The bank had earned a net profit of RS 26 Crore last year in the corresponding period.
The net interest rate for the quarter was 6.55% compared to 7.97% in the period of the year ago.
The provision and unforeseen events for the quarter were on RS 612 Crore, more than double the RS 305 Crore from a year ago.
“We have decided to hit once in advance and created a management buffer in provisions against standard assets instead of enabling stress to influence profitability in the next two quarters,” Equitas Managing Director told PN Vasudevan.
“There are signs of improving the reimbursement and we expect that the efficiency of the microfinance collection is expected to be back to almost normal level by the fourth quarter,” he said. It is microfinance activities that have contributed 10% of the gross loan portfolio.
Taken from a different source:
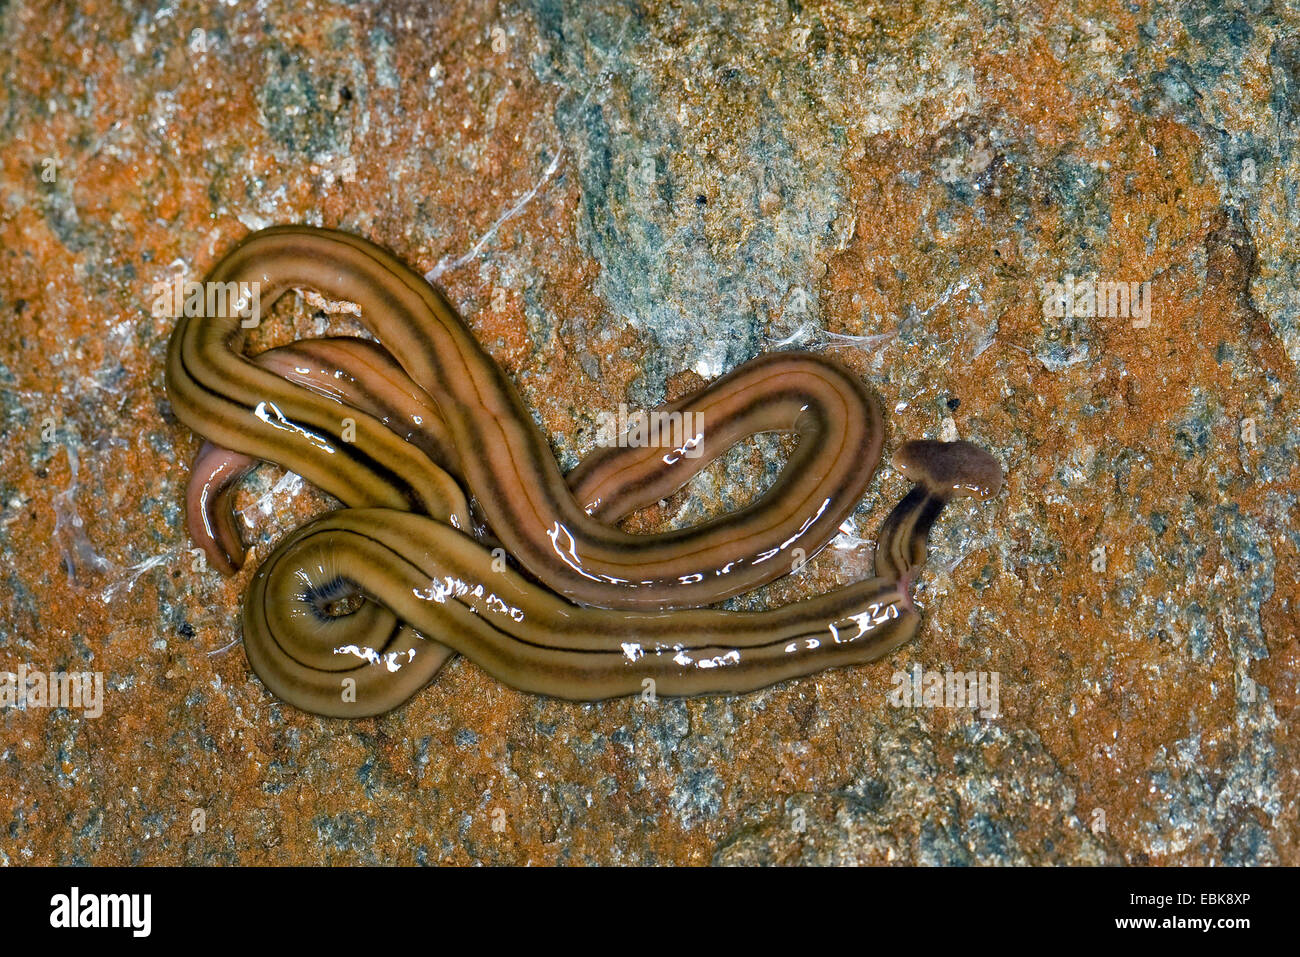 Shovel-headed Garden Worm, Shovel-headed Garden Flatworm, hammerhead worm, broadhead planarian (Bipalium kewense, Placocephalus kewensis, Sphyrocephalus kewense), Germany Stock Photo

The pre-commission-business result for the revision of the quarter also remained lower on RS 315 Crore against RS 340 Crore in the period of the year ago. The net interest income was lower in RS 786 Crore against RS 802 Crore, while other income was higher in RS 286 Crore against RS 192 Crore.
The gross non -performing assets ratio of the lender was 2.82% at the end of June, an increase of 2.67% per year back. The net NPA ratio was 0.95% against 0.81%.
Gross progress grew by 8% on an annual basis to RS 37,610 Crore, even when the microfinance book 45% Kromp.
“We focus on 15-16% growth in the tax that would be supported by around 20% expansion of non-microfinance activities,” said Vasudevan.